Direct inversion of surface wave dispersion data with multiple-grid parametrizations and its application to a dense array in Chao Lake, eastern China

Abstract

SUMMARY The direct surface wave tomography has become an efficient tool in imaging 3-D shallow Earth structure. However, some fundamental problems still exist in selecting the grids to parametrize the model space. This study proposes to implement a model parametrization approach with multiple grids to the direct surface wave tomography. These multiple grids represent several overlapping collocated grids with the same or different grid spacings, such as staggered grids, multiscale grids and multiscale-staggered grids.

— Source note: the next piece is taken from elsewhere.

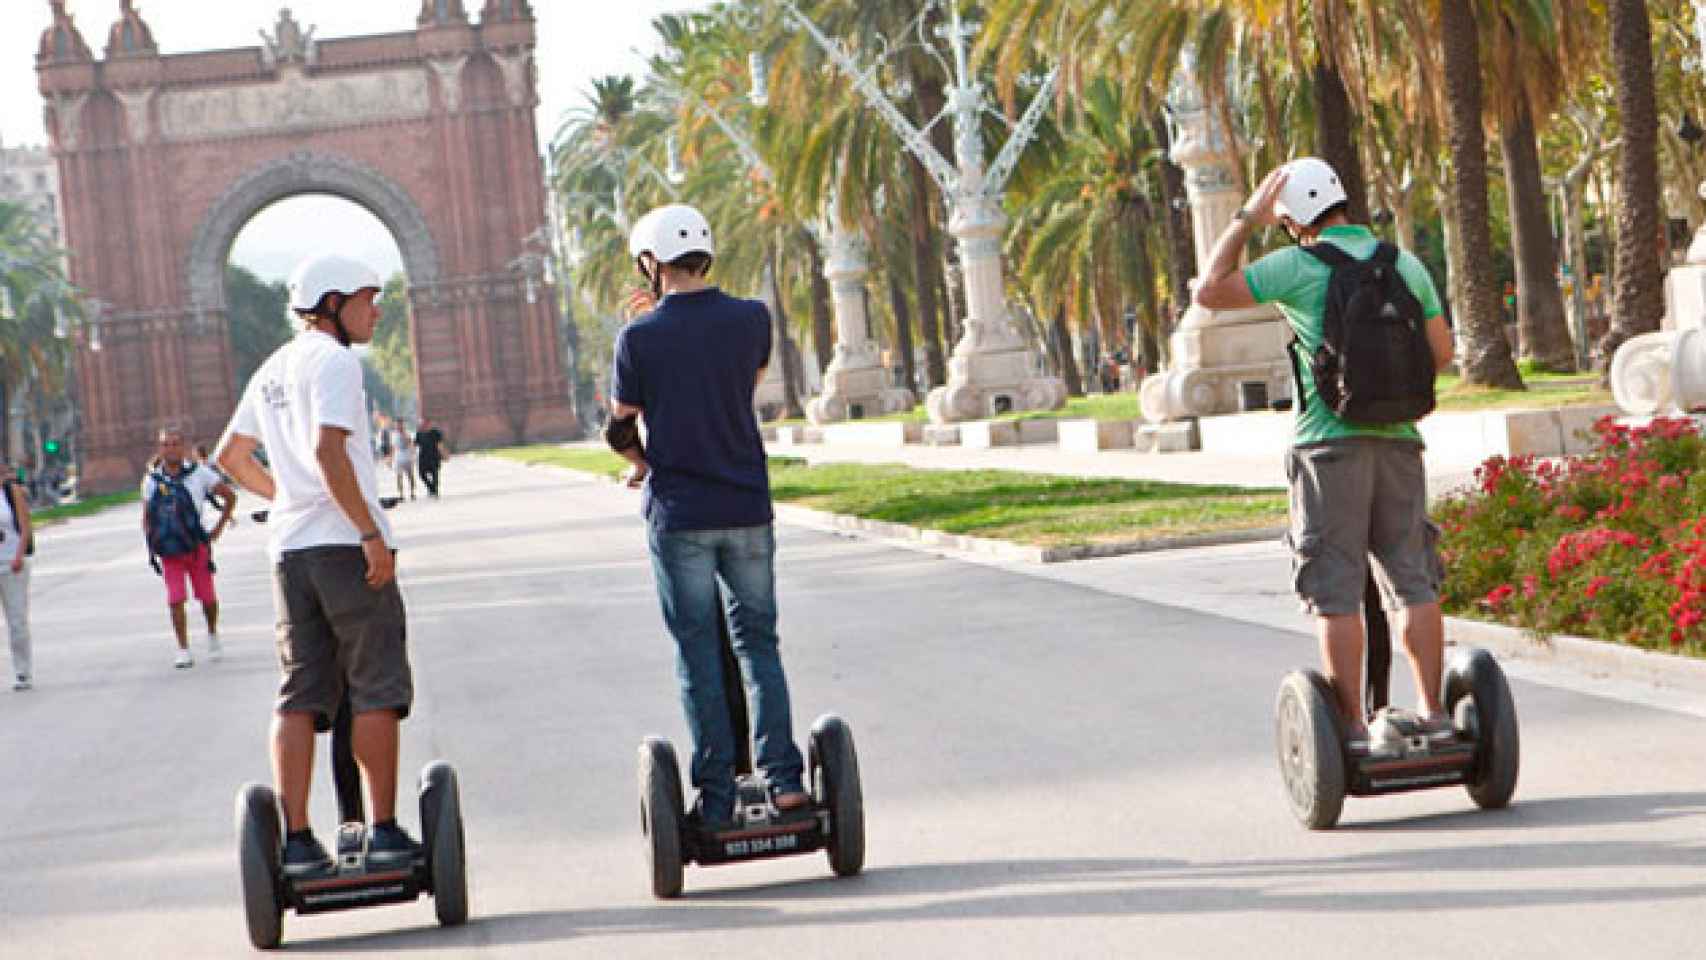 Tres turistas circulando con un 'segway' en el paseo Lluís Companys de Barcelona / CG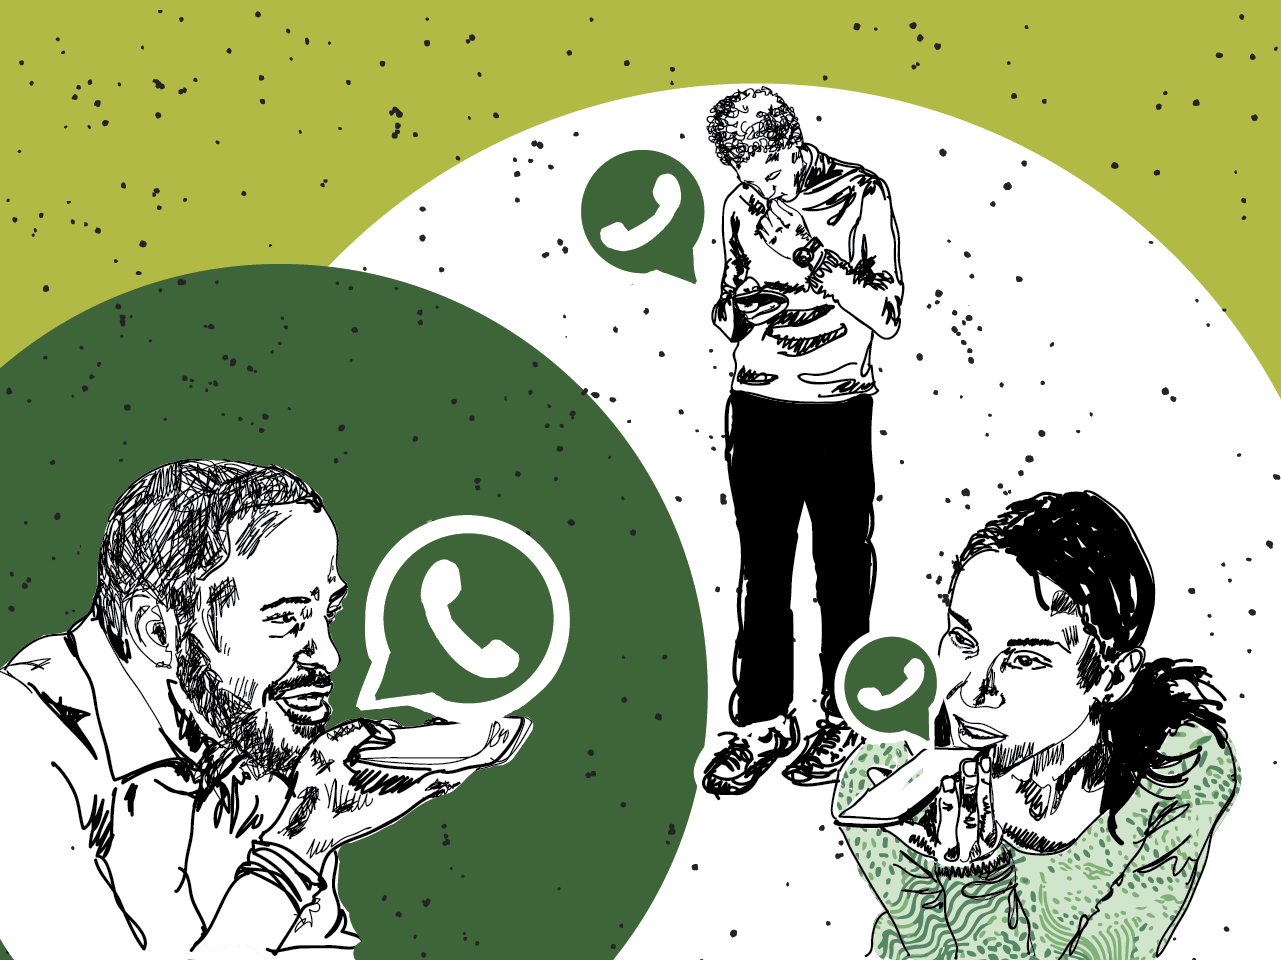 Mensagens de áudio evoluem no WhatsApp

At each iteration, direct inversion is applied to each individual set of collocated grids to invert for the shear wave velocity (Vs) model; the models are then projected onto a set of predefined base grids (usually the finest grids) using 3-D B-spline interpolation. At the end of each iteration, we average the Vs models of all sets of collocated grids to obtain the average 3-D Vs model, which is then used as the initial model for the next iteration. The properties of this approach are explored by applying it to a newly deployed dense array in Chao Lake (CL), eastern China. Synthetic and field data tests demonstrate that the method using multiple grids recovers anomaly patterns better than that using the individual set of collocated grids, though it does not necessarily achieve the smallest traveltime residual. We then obtain a high-resolution 3-D shallow crustal Vs model beneath the CL. The 3-D Vs model reveals two prominent features: (1) a stripe-like structural pattern of velocity variations, where the Hefei basin and eastern CL display low-velocity anomalies while the Tanlu fault zone (TFZ), Zhangbaling uplift and Yinping mountain present high-velocity anomalies and (2) north-shifted low-velocity anomalies beneath the eastern CL as depths go shallow. The shallow Vs features are consistent well with the local geological units and topography. We suggest that the two main features could be associated with the multistage tectonic activities of the Tanlu fault. The multiple-grid scheme proposed in this study could be conveniently extended to other 3-D direct inversion approaches in the near future.